The genetic errors in EB result in defects in the skin proteins,and because one or more of the proteins that stick the outer and deeper layers of skin together are either faulty or missing.

  • Over the past 15-20 years, 13 major genes responsible for the majority of cases of EB have been identified.
  • EB is not a single condition: the various types are divided into three main groups according to the depth below the skin surface at which the blisters occur:
    • EB Simplex (EBS), defects in keratins 5 and 14, or plectin proteins
    • Junctional EB (JEB), defects in laminins and plectin
    • Dystrophic EB (DEB) defects in collagen 7 protein.

In the UK there are up to 5000 people with EB, of which around 1000 have the more severe forms.

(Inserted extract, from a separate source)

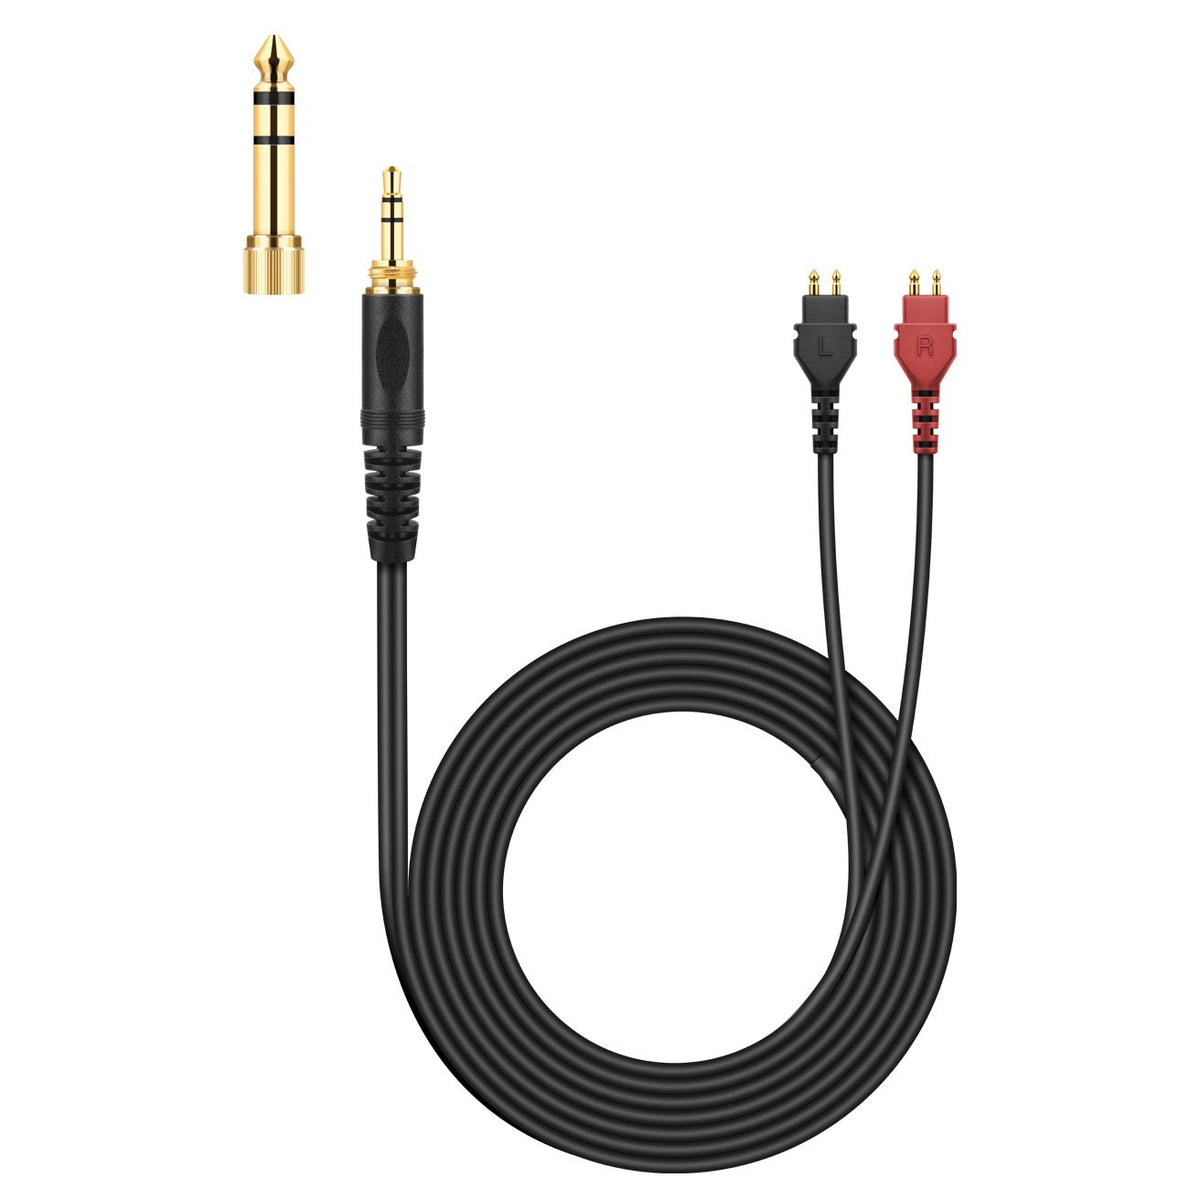 Cable de repuesto para auriculares Sennheiser PXC450 PXC350 PC350 HD380 PRO  de 9.8 ft
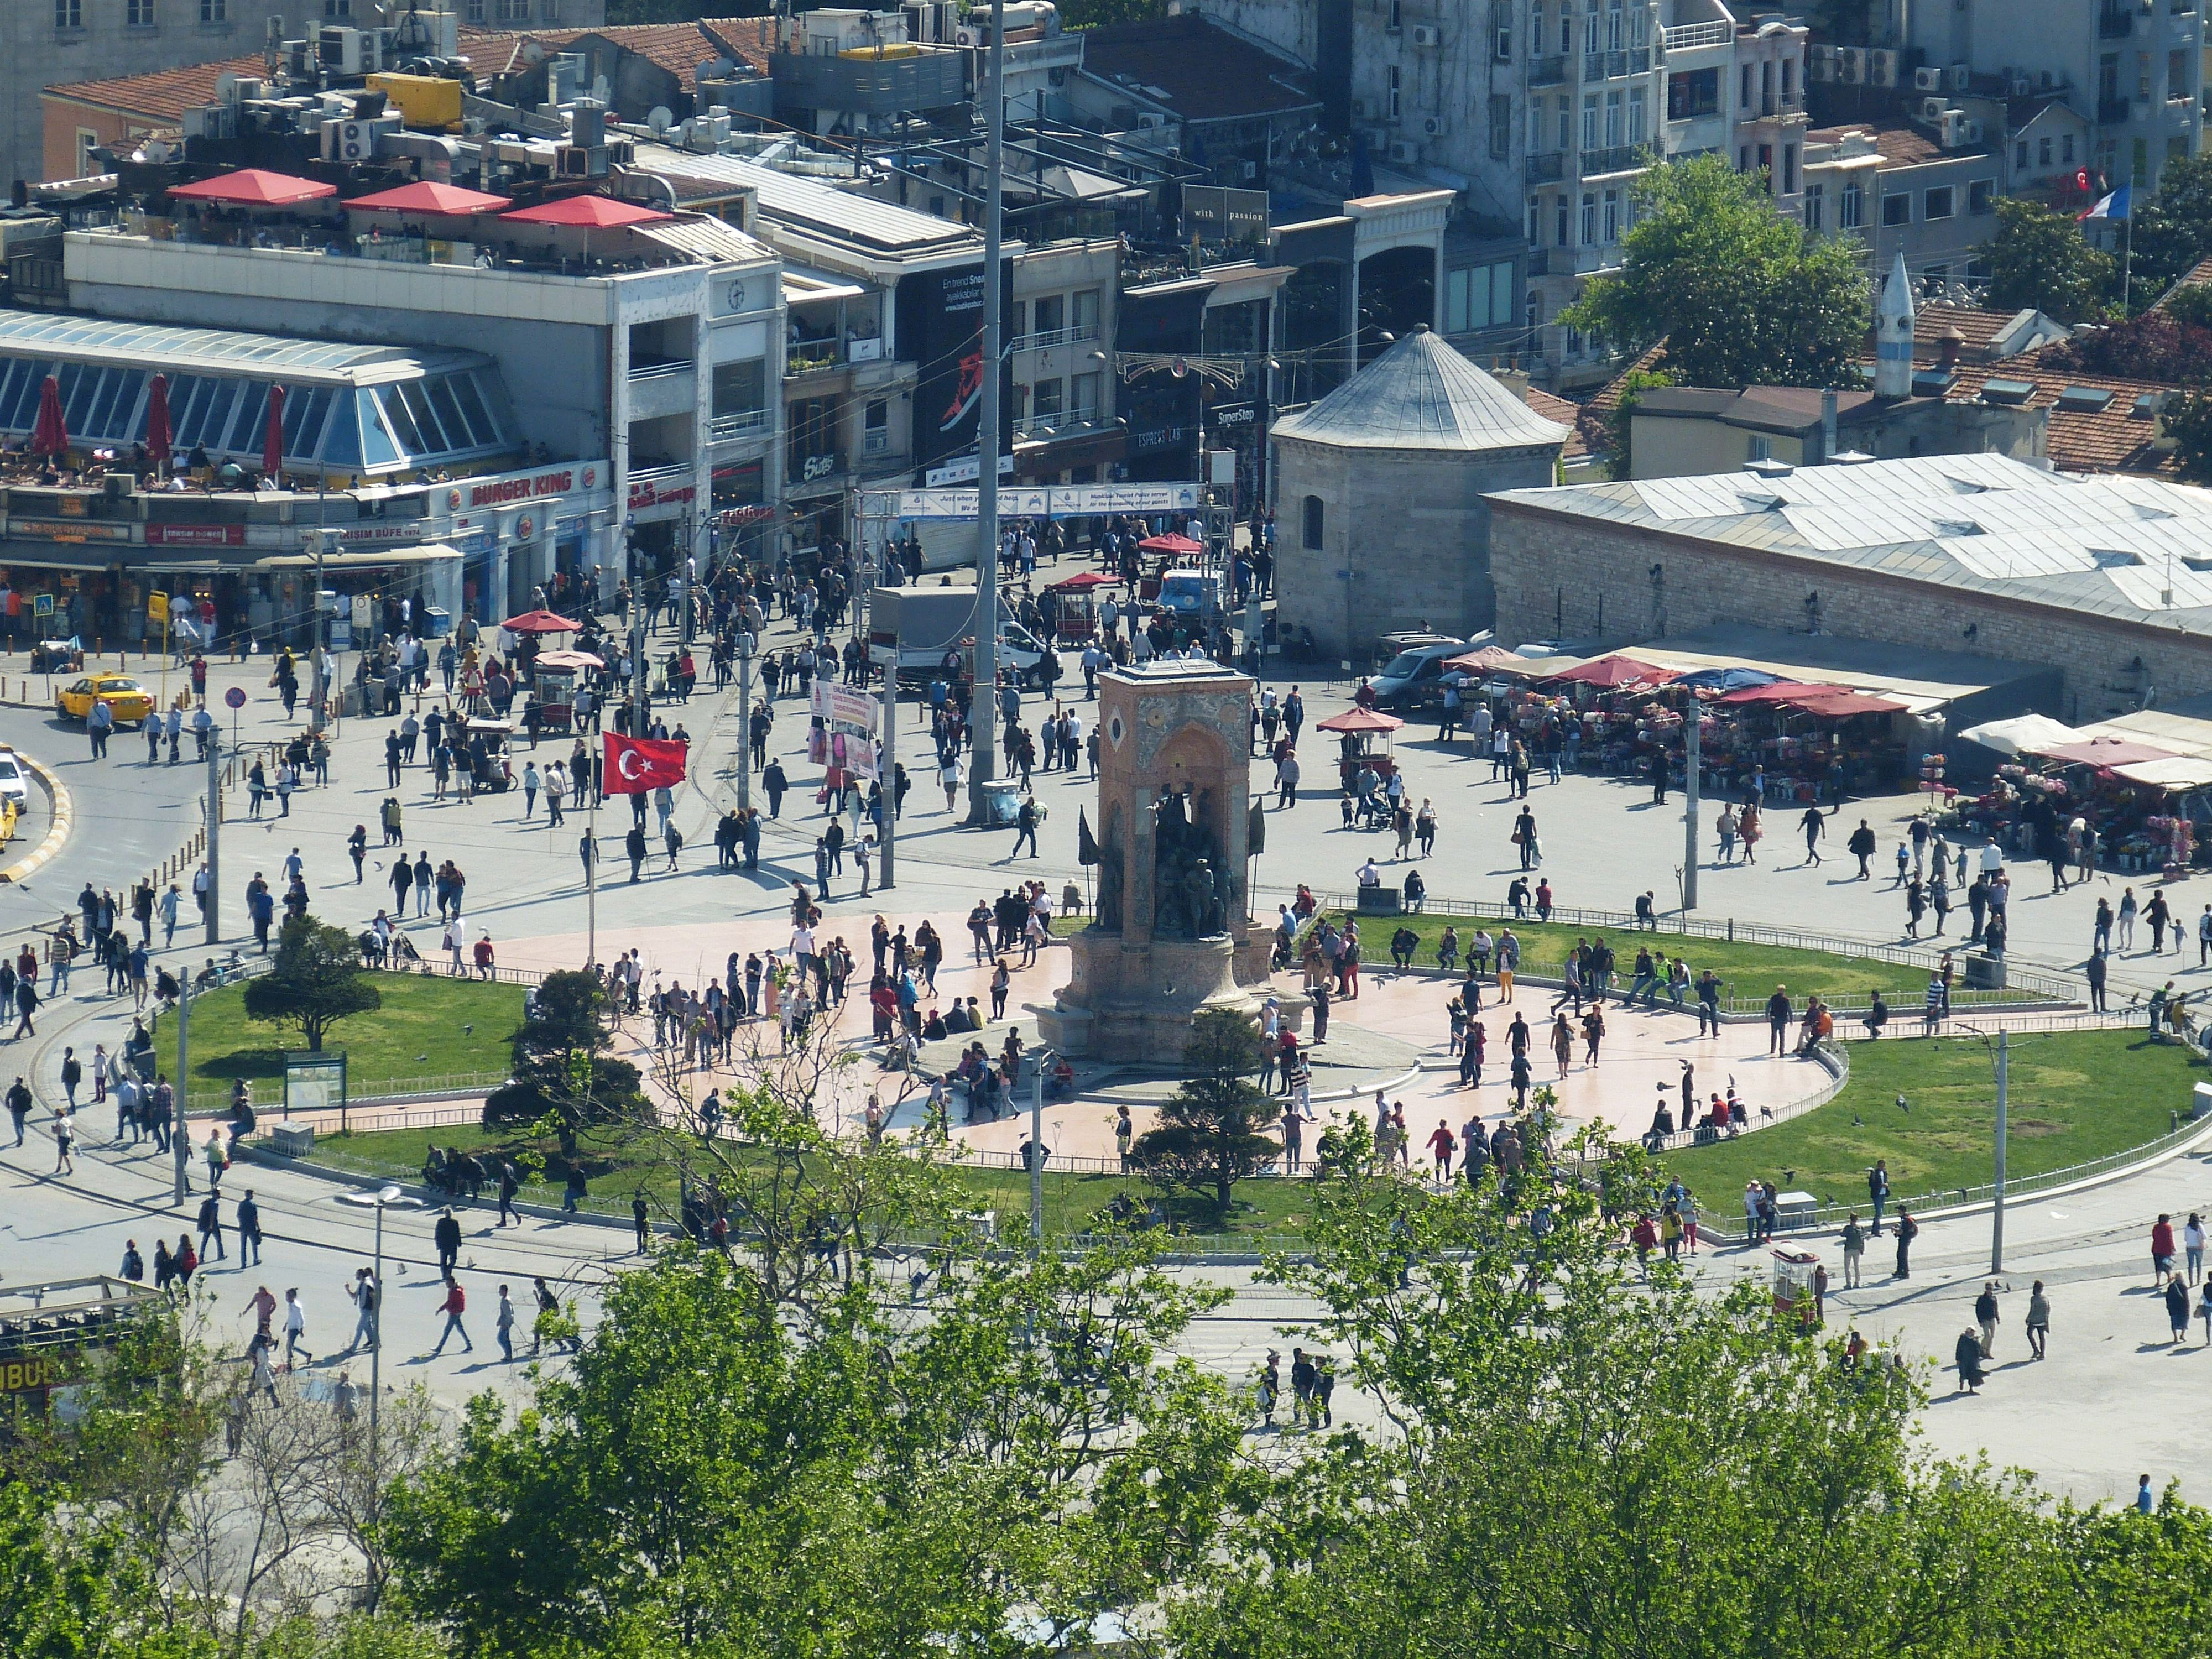 Таксимо район стамбула. Площадь Таксим в Стамбуле. Площадь Невшехир Таксим. Площадь Таксим в Стамбуле фото. Площадь Таксим Главная елка Стамбула.

The three types, EBS, RDEB and JEB, vary widely in the type and severity of symptoms, and the impact on the patient’s life.

At present there is no cure and no treatment that makes a significant difference to patients with any form of EB. Treatment is limited to chronic wound care and pain control. There are however many Clinical Trials in the early stages and some on the verge of starting which aim to provide the first layer of treatments to improve quality of life.

EB skin is never able to ever heal properly with normal strength: chronic open wounds and extensive scarring develop with attendant pain. Each time EB skin is damaged, the damage is irreversible, and so disfigurement and disability accrue over a lifetime. Some severe forms of EB are fatal in infancy; others in older children and young adult.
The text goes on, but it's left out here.